I have Kafka commit policy set to latest and missing first few messages. If I give a sleep of 20 seconds before starting to send the messages to the input topic, everything is working as desired. I am not sure if the problem is with consumer taking long time for partition rebalancing. Is there a way to know if the consumer is ready before starting to poll ?
You can use
consumer.assignment()
, it will return set of partitions and verify whether all of the partitions are assigned which are available for that topic.If you are using spring-kafka project, you can include spring-kafka-test dependancy and use below method to wait for topic assignment , but you need to have container.
ContainerTestUtils.waitForAssignment(Object container, int partitions);
KafkaListenerEndpointRegistry registry
into your test and call registry.getListenerContainer(listenerId)
to get a corresponding MessageListenerContainer
which can be used with waitForAssignment()
. –
Godfry You can do the following:
I have a test that reads data from kafka topic.
So you can't use KafkaConsumer in multithread environment, but you can pass parameter "AtomicReference assignment", update it in consumer-thread, and read it in another thread.

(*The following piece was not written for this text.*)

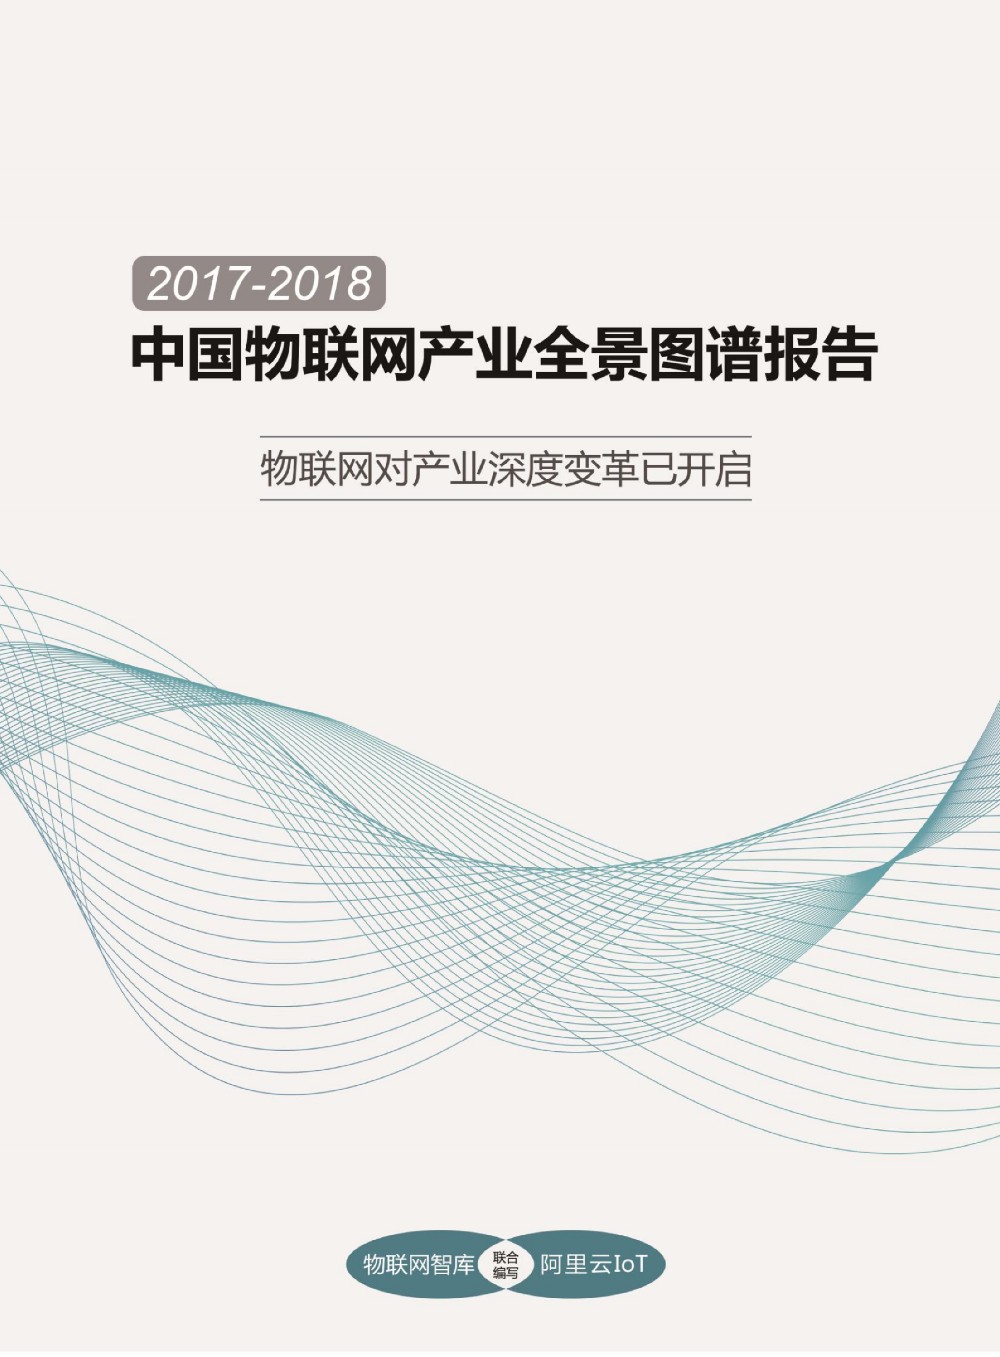 2017-2018物联网产业全景图完整版_00

For example, snipped of working code in project for testing:
private void readAvro(String readFromKafka,
AtomicBoolean needStop,
List<Event> events,
String bootstrapServers,
int readTimeout) {
// print the topic name
AtomicReference<Set<TopicPartition>> assignment = new AtomicReference<>();
new Thread(() -> readAvro(bootstrapServers, readFromKafka, needStop, events, readTimeout, assignment)).start();
long startTime = System.currentTimeMillis();
long maxWaitingTime = 30_000;
for (long time = System.currentTimeMillis(); System.currentTimeMillis() - time < maxWaitingTime;) {
Set<TopicPartition> assignments = Optional.ofNullable(assignment.get()).orElse(new HashSet<>());
System.out.println("[!kafka-consumer!] Assignments [" + assignments.size() + "]: "
+ assignments.stream().map(v -> String.valueOf(v.partition())).collect(Collectors.joining(",")));
if (assignments.size() > 0) {
break;
}
try {
Thread.sleep(1_000);
} catch (InterruptedException e) {
e.printStackTrace();
needStop.set(true);
break;
}
}
System.out.println("Subscribed! Wait summary: " + (System.currentTimeMillis() - startTime));
}
private void readAvro(String bootstrapServers,
String readFromKafka,
AtomicBoolean needStop,
List<Event> events,
int readTimeout,
AtomicReference<Set<TopicPartition>> assignment) {
KafkaConsumer<String, byte[]> consumer = (KafkaConsumer<String, byte[]>) queueKafkaConsumer(bootstrapServers, "latest");
System.out.println("Subscribed to topic: " + readFromKafka);
consumer.subscribe(Collections.singletonList(readFromKafka));
long started = System.currentTimeMillis();
while (!needStop.get()) {
assignment.set(consumer.assignment());
ConsumerRecords<String, byte[]> records = consumer.poll(1_000);
events.addAll(CommonUtils4Tst.readEvents(records));
if (readTimeout == -1) {
if (events.size() > 0) {
break;
}
} else if (System.currentTimeMillis() - started > readTimeout) {
break;
}
}
needStop.set(true);
synchronized (MainTest.class) {
MainTest.class.notifyAll();
}
consumer.close();
}
P.S.
needStop - global flag, to stop all running thread if any in case of failure of success
events - list of object, that i want to check
readTimeout - how much time we will wait until read all data, if readTimeout == -1, then stop when we read anything
Thanks to Alexey (I have also voted up), I seemed to have resolved my issue essentially following the same idea.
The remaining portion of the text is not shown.